A Crystal Forest, by William Sharp

The air is blue, and keen, and cold
And in a frozen sheath, enrolled
Each branch, each twig, each blade of grass
S
eems clad miraculously with glass;
But in that solemn silence, is heard the whisper
Of every sleeping thing.
Look. Look at me.
Come wake me up.
For still here I be.

His beautiful face was ghostly white, tinged with grey. His eyes were closed, their edges embroidered with dried blood. Purplish-grey shadows, reddish-brown with new and old bruises, painted the hollows under his eyes. His hair – his silky golden hair that she had dreamed of combing her fingers through so many times – was dirty, matted. Infested with lice, splayed on the coarse linen pillow of the hospital bed. Clotted, congealed blood covered the tip of his eyebrow, and the sides of his nose. A cruelly stark contrast to his pallor.

His lips were dry and cracked, the remnants of his pain still etched on them – God, the same lips she had kissed so passionately and desperately, long ago on a springtime night, of sandwiches and wine and Sybil's midsummer ball in London – those lips were now mercilessly shrunken and lifeless.
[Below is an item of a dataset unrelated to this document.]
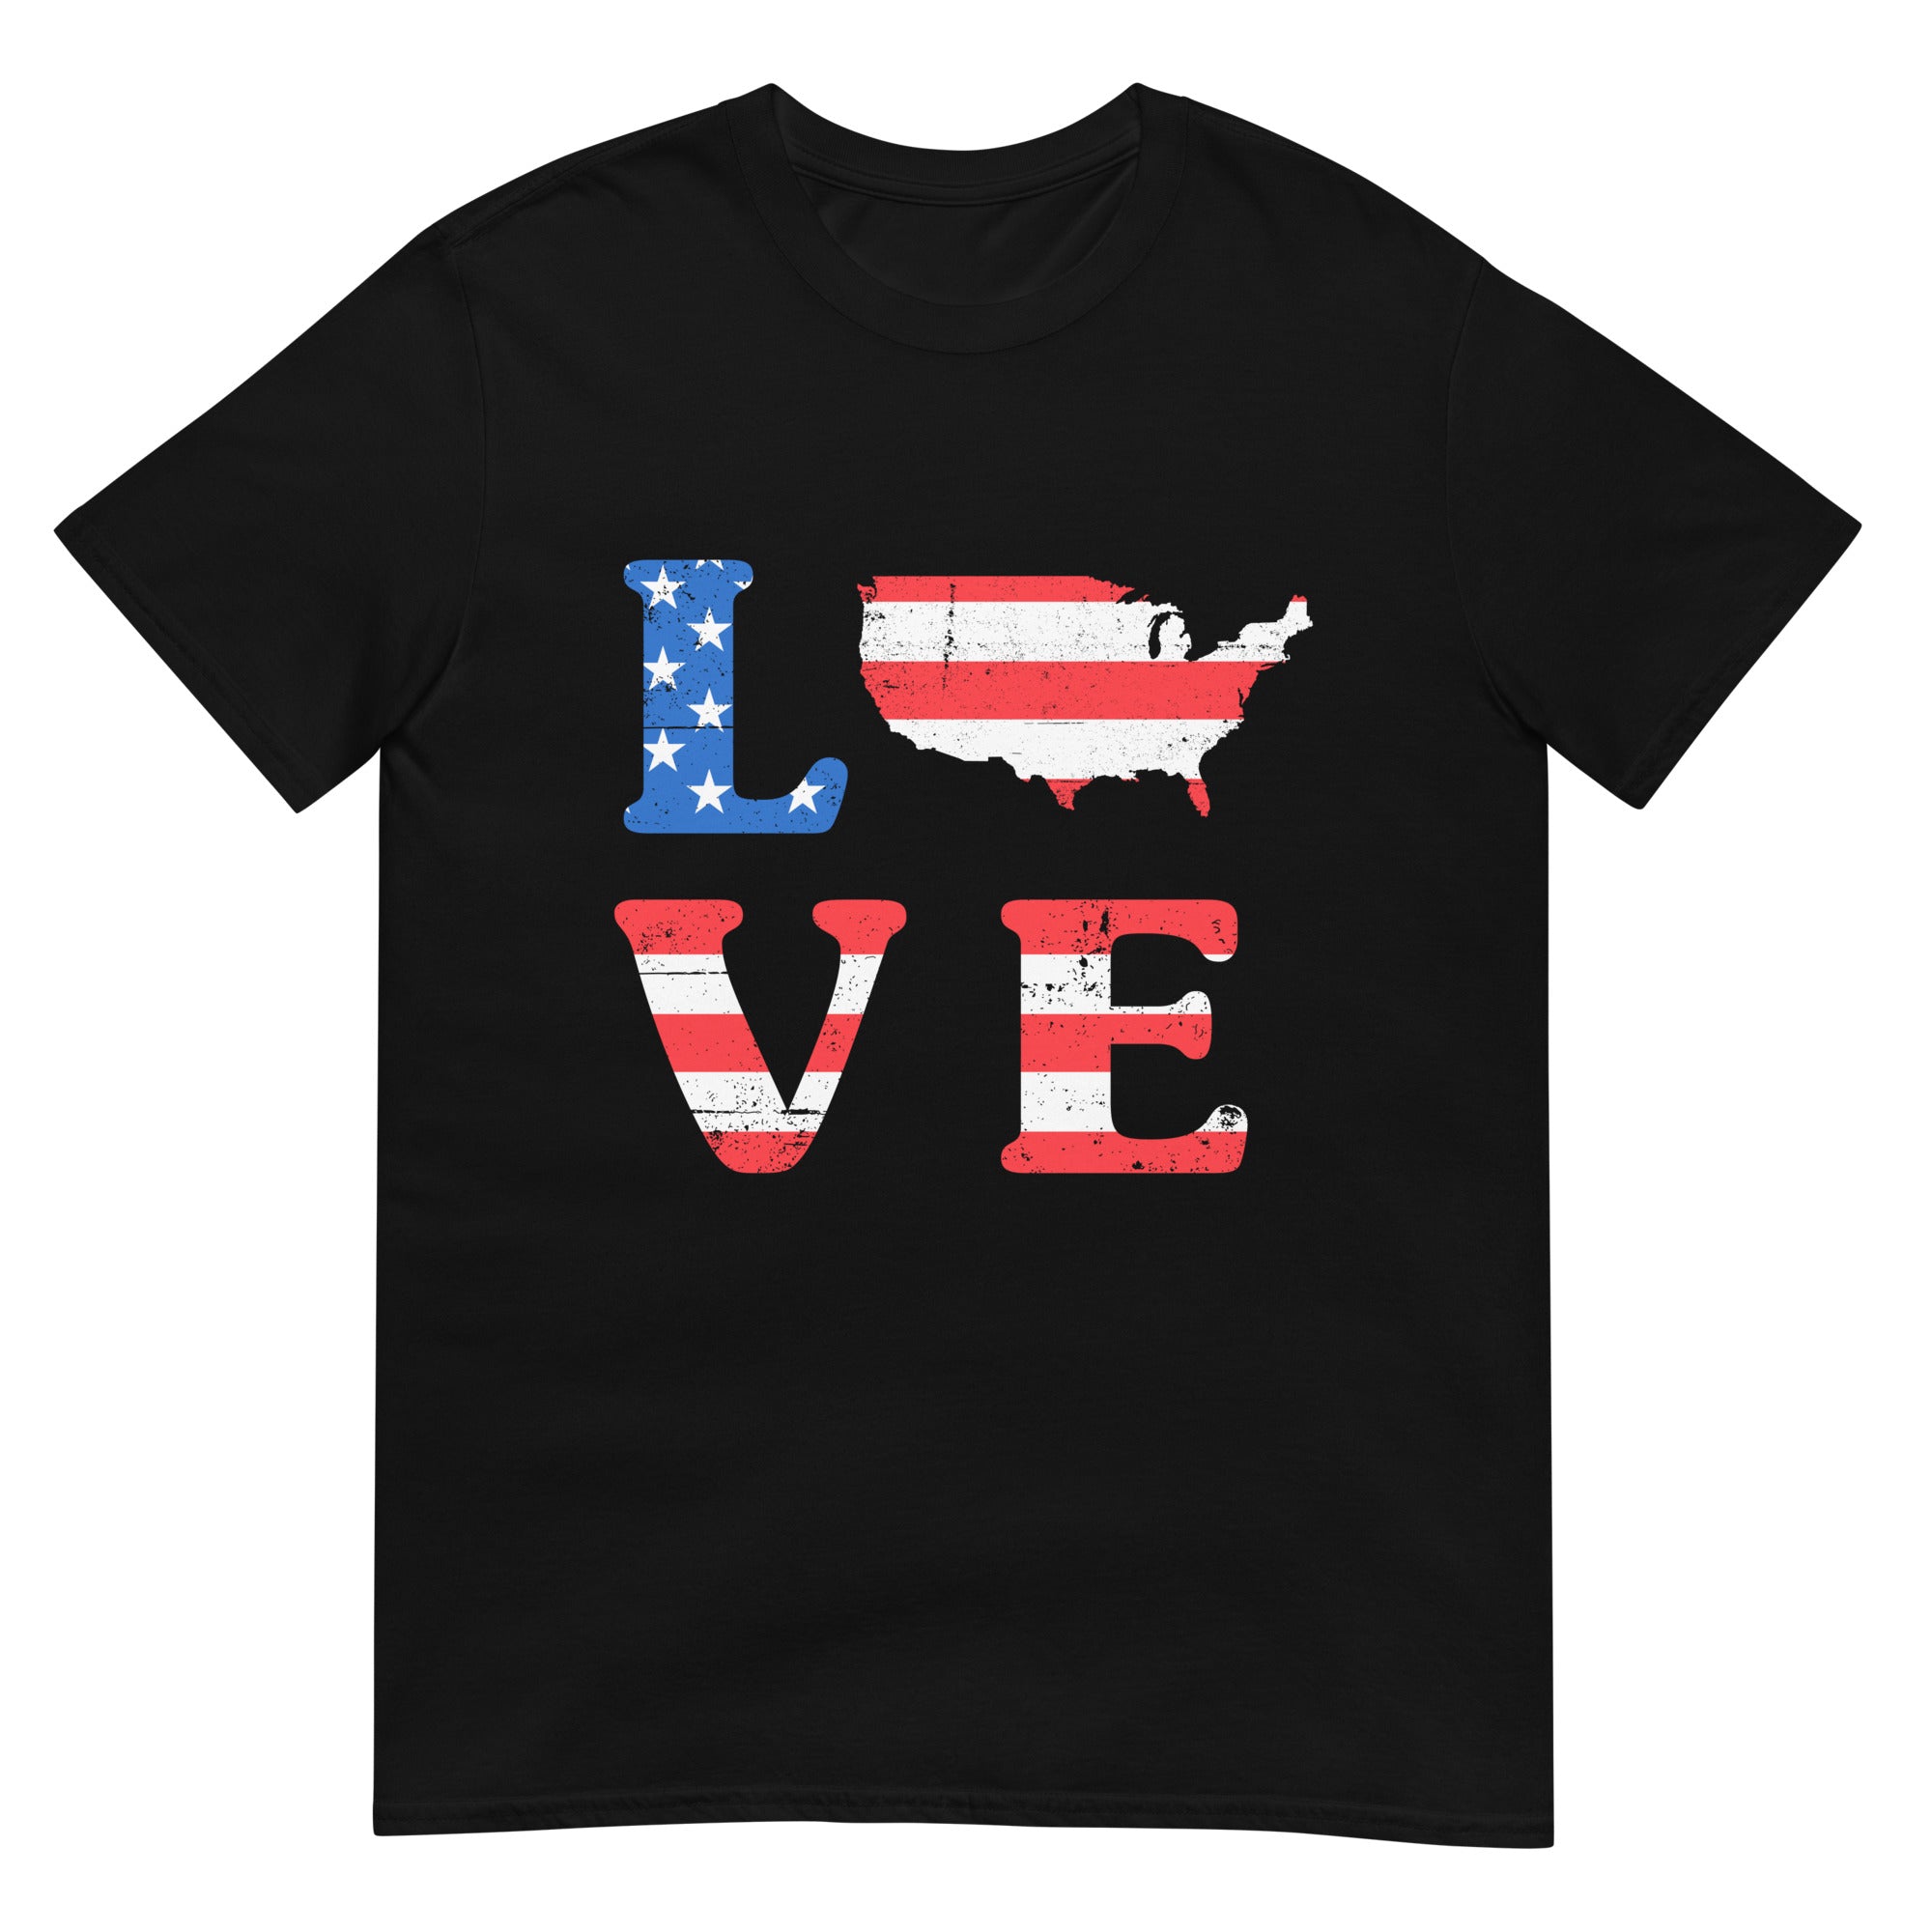 Love America Short-Sleeve Unisex T-Shirt
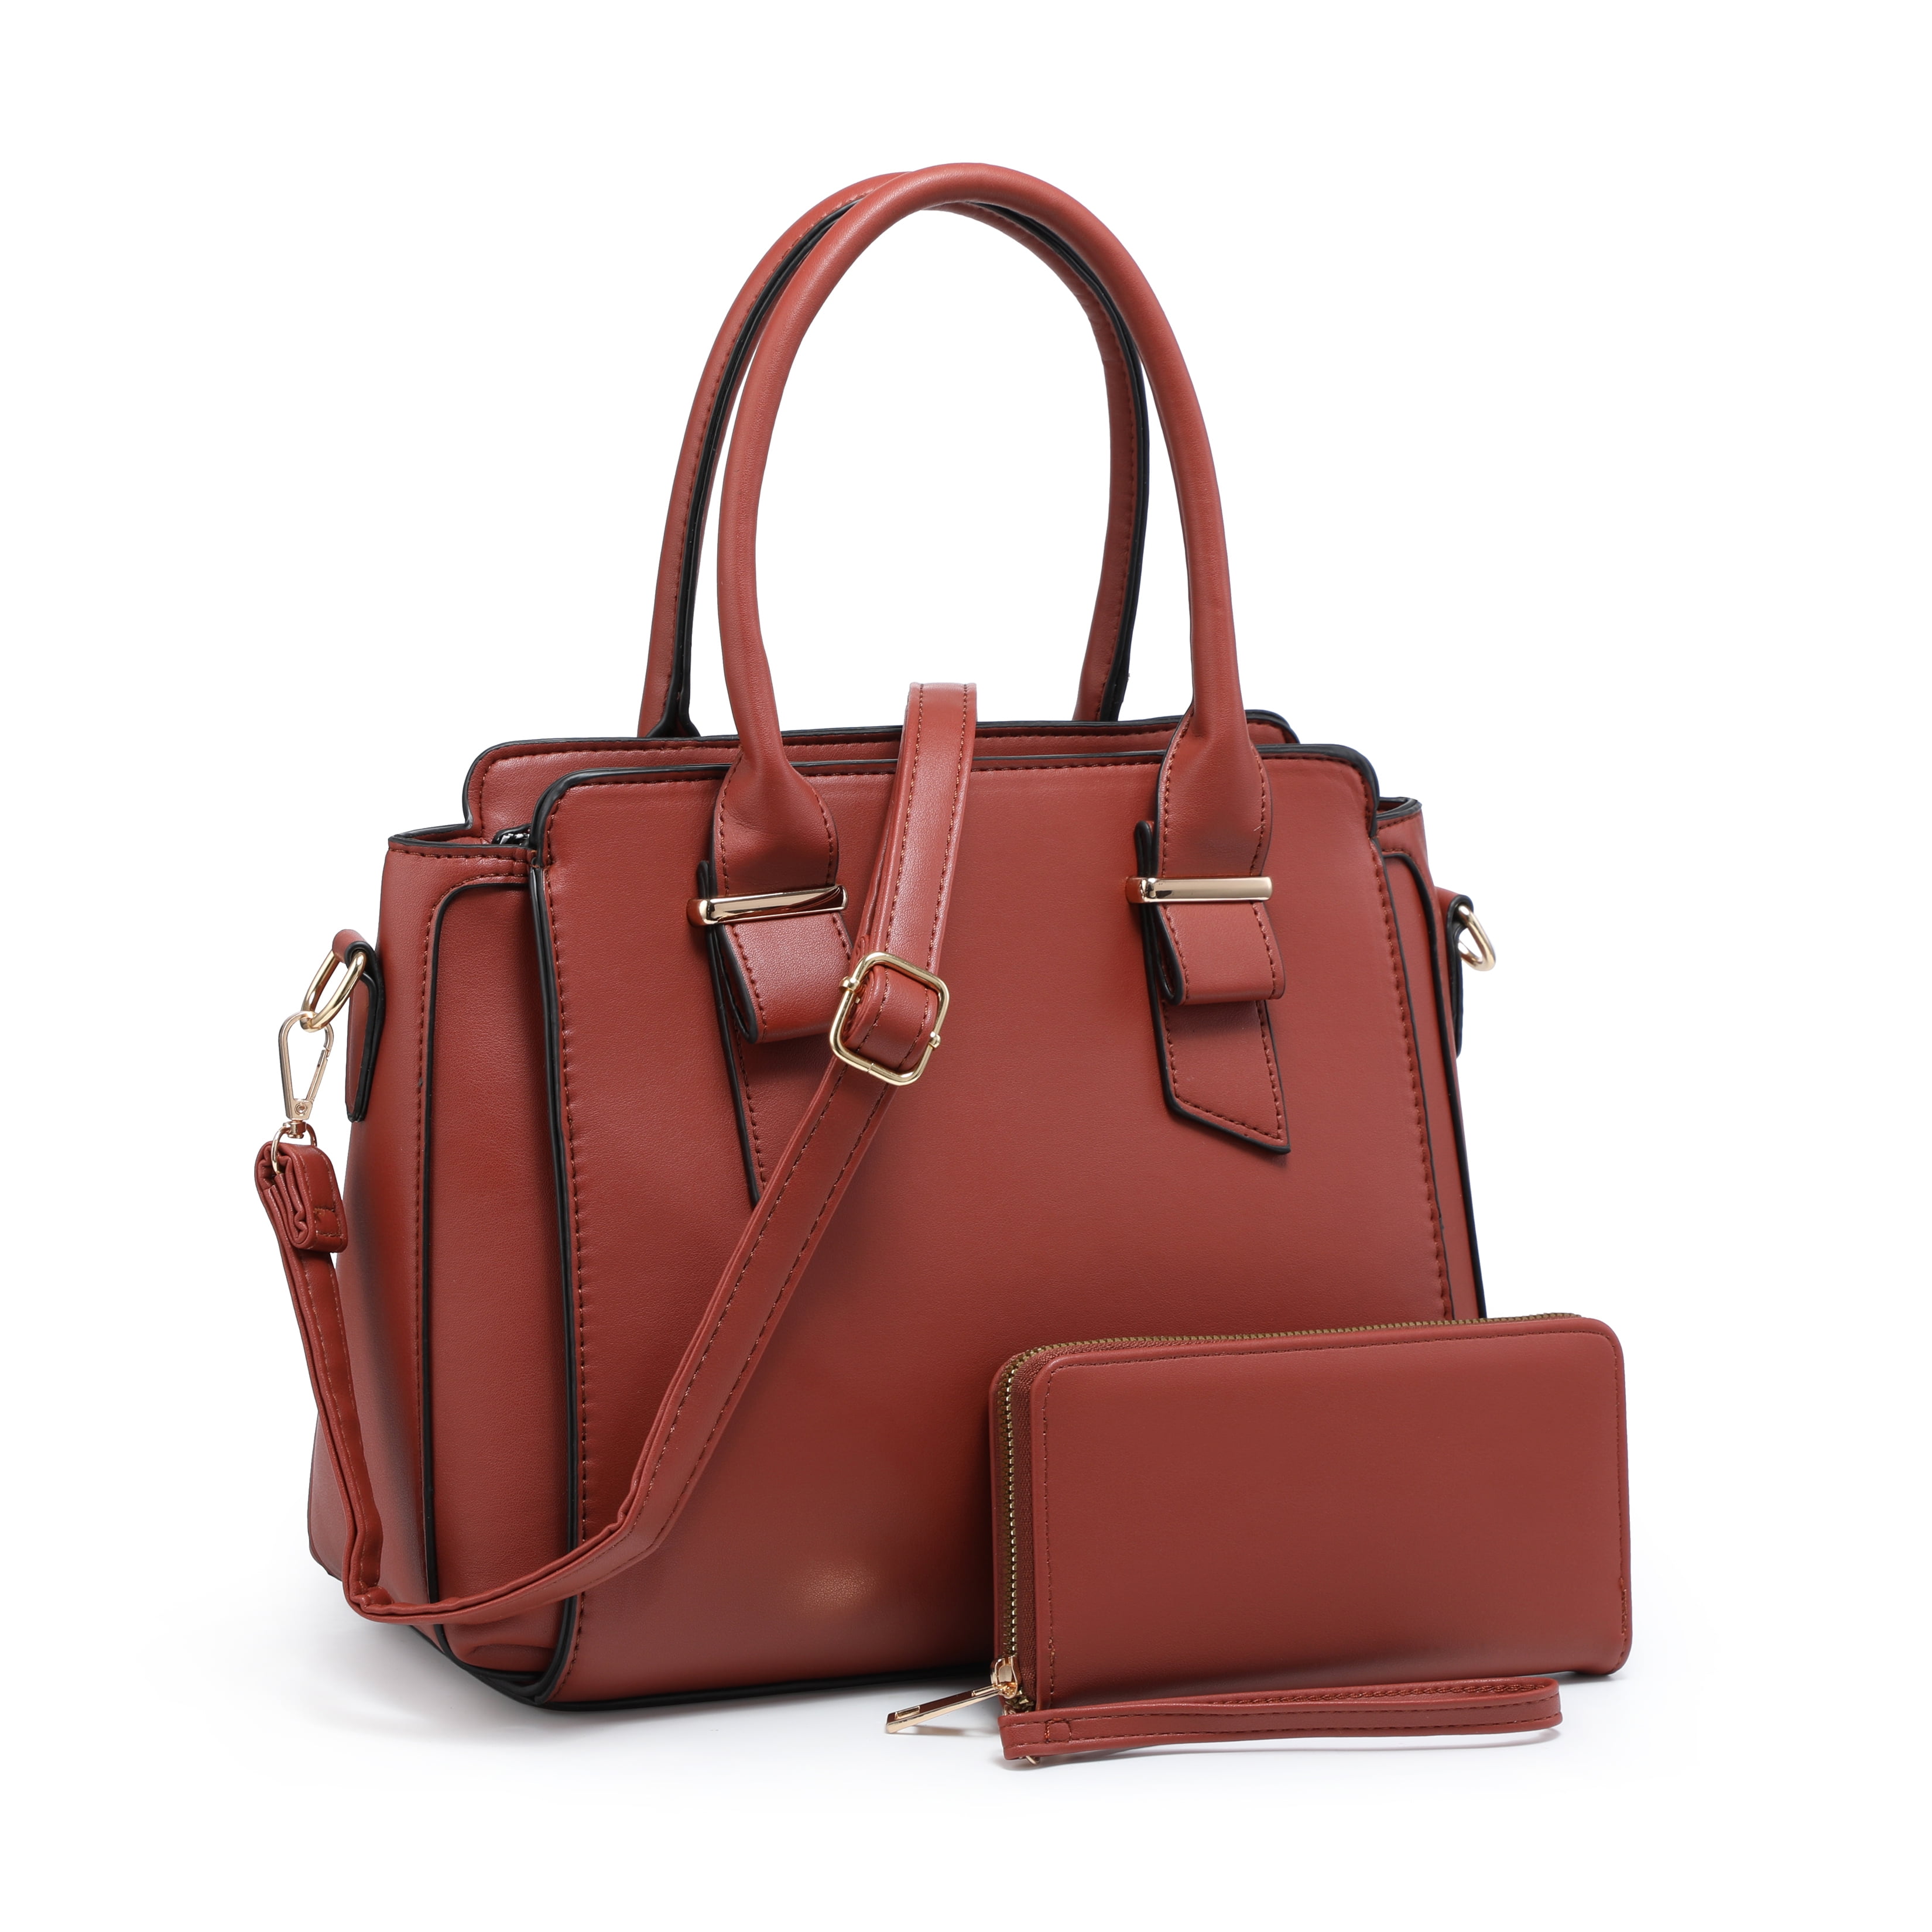 Floral Top Handle Color Block Satchel Bag with Detachable/Adjustable Shoulder Strap

His forehead was unmarked, only a prominent line stretching across its benign expanse, the marks of life and years and pain left upon it.

His cheeks and neck were flecked with bloody scratches; dark red scars that told of the hell he had been through for four unforgiving years; thick, wet, unhealed smears and trails across his darling face; wet blood coated the opening of his right ear. And yet, he looked so calm, so peaceful, so perfect, he might have been sleeping if not for the wounds that crowned him. In her eyes, it was a badge of his courage, his bravery, but oh – he didn't deserve it, any of it. Matthew Crawley deserved to be cherished and loved and adored; and it was she who had driven him to this, all those years ago. She had trained herself not to think along this dark track any more than she could help; because it seemed to invariably produce the effect of physical pain cleaving her breast in two.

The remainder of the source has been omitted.